**Work task:** The lines below, from the one holding "Rose pattern" through the one holding "Hot swap protection circuit system", are to be restated word for word, with all images left out.

**Task material:**
'''

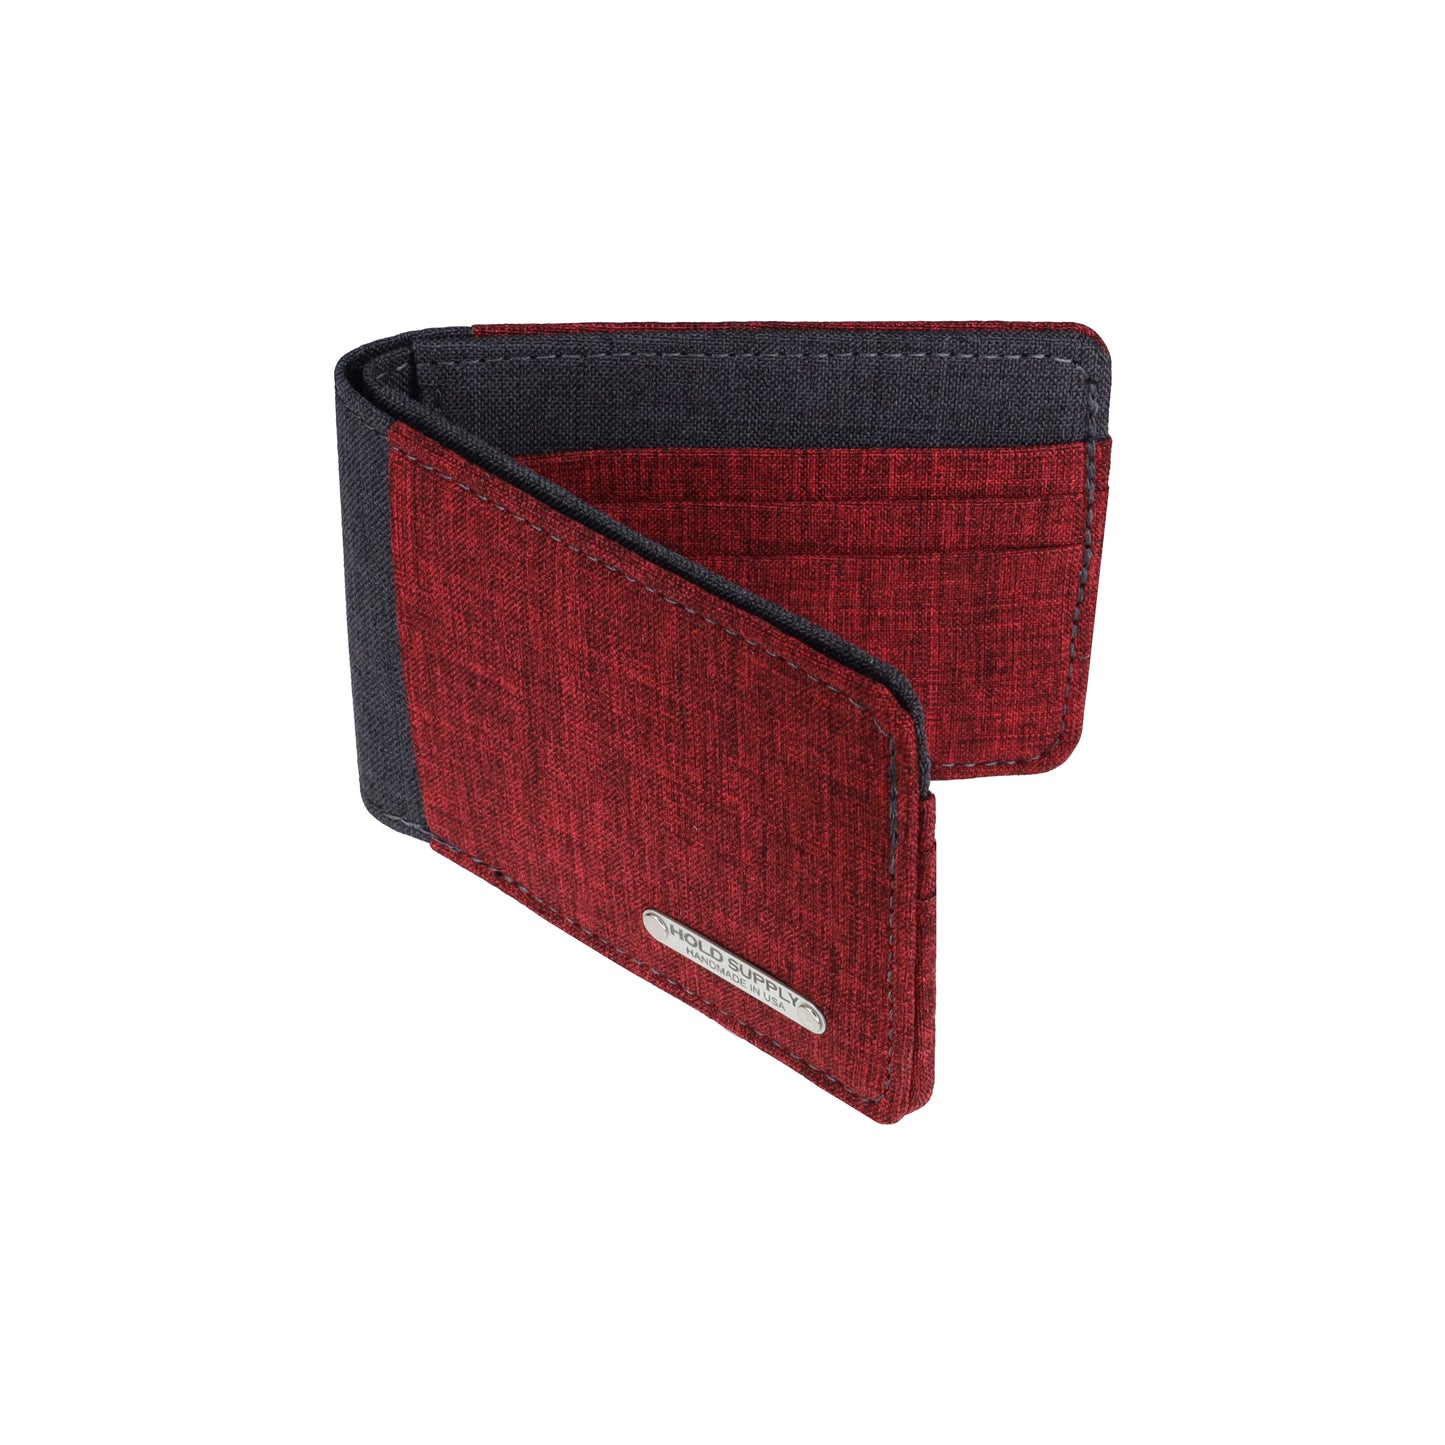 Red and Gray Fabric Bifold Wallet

'''
'''

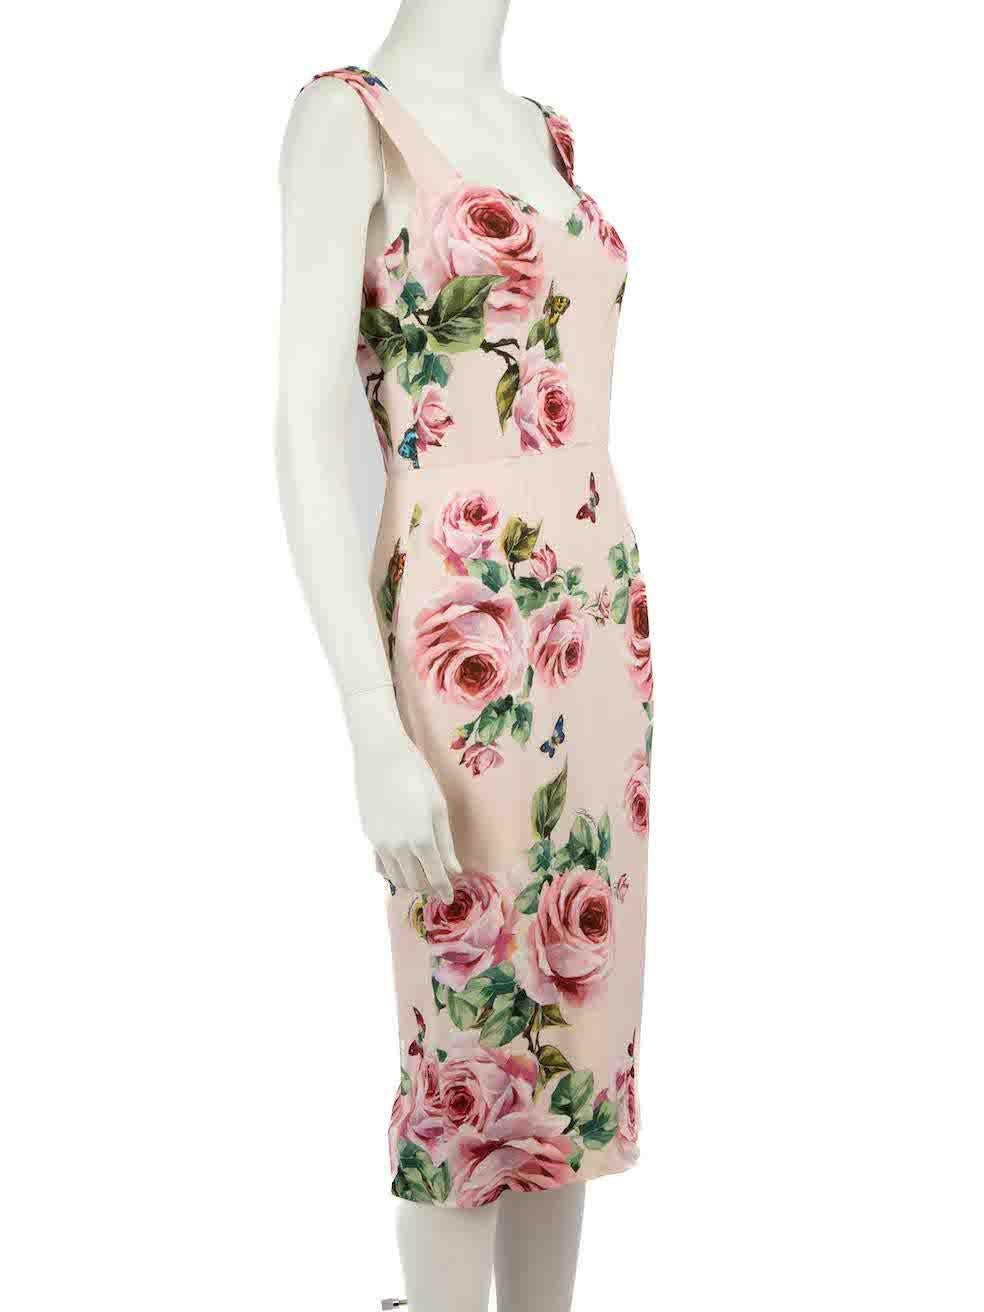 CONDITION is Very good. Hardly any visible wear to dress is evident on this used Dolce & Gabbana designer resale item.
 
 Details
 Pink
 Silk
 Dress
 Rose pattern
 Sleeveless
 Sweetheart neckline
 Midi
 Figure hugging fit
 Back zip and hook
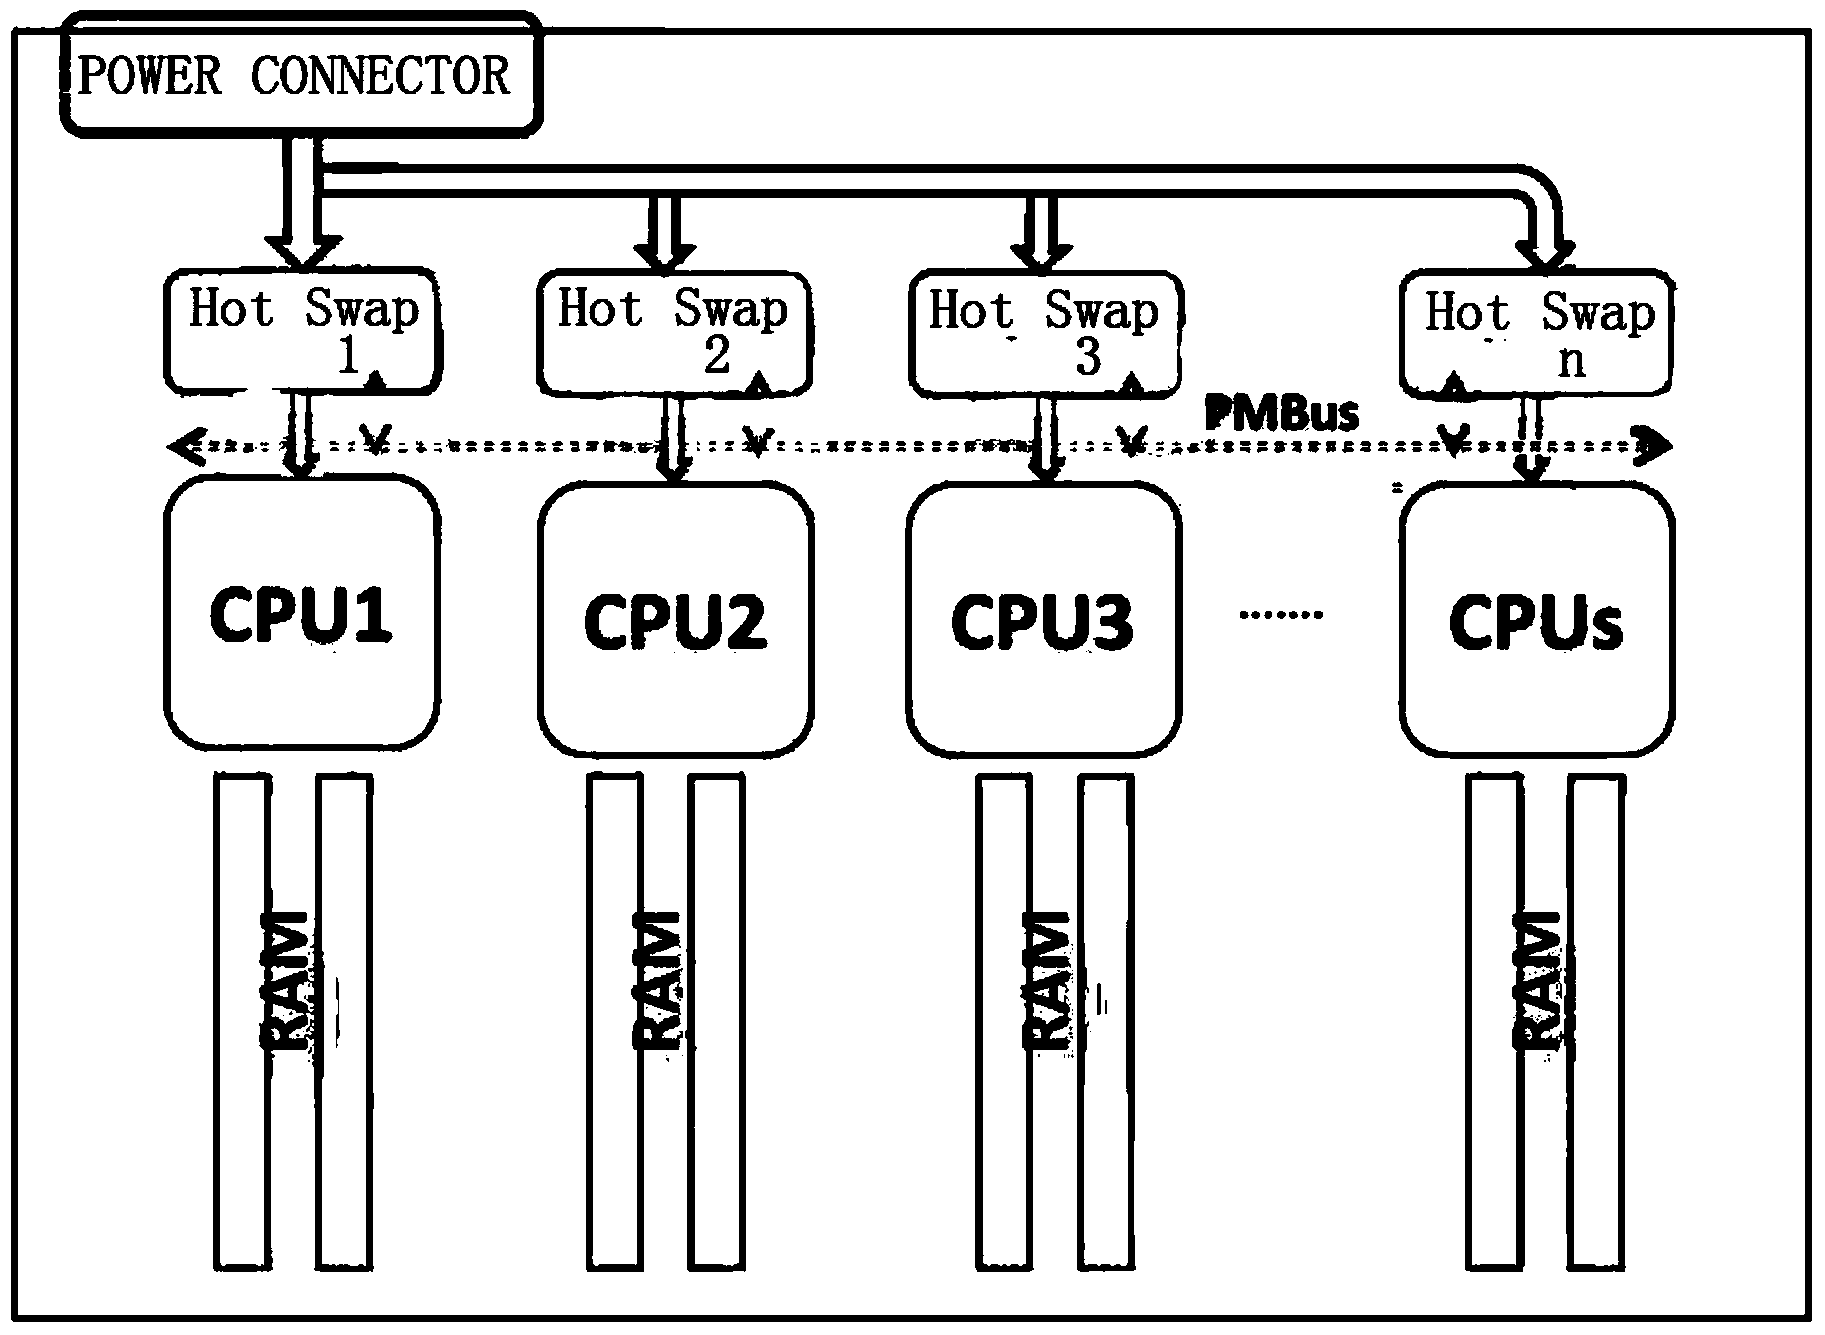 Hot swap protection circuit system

'''

**Task result:**
 Rose pattern
 Sleeveless
 Sweetheart neckline
 Midi
 Figure hugging fit
 Back zip and hook
 Hot swap protection circuit system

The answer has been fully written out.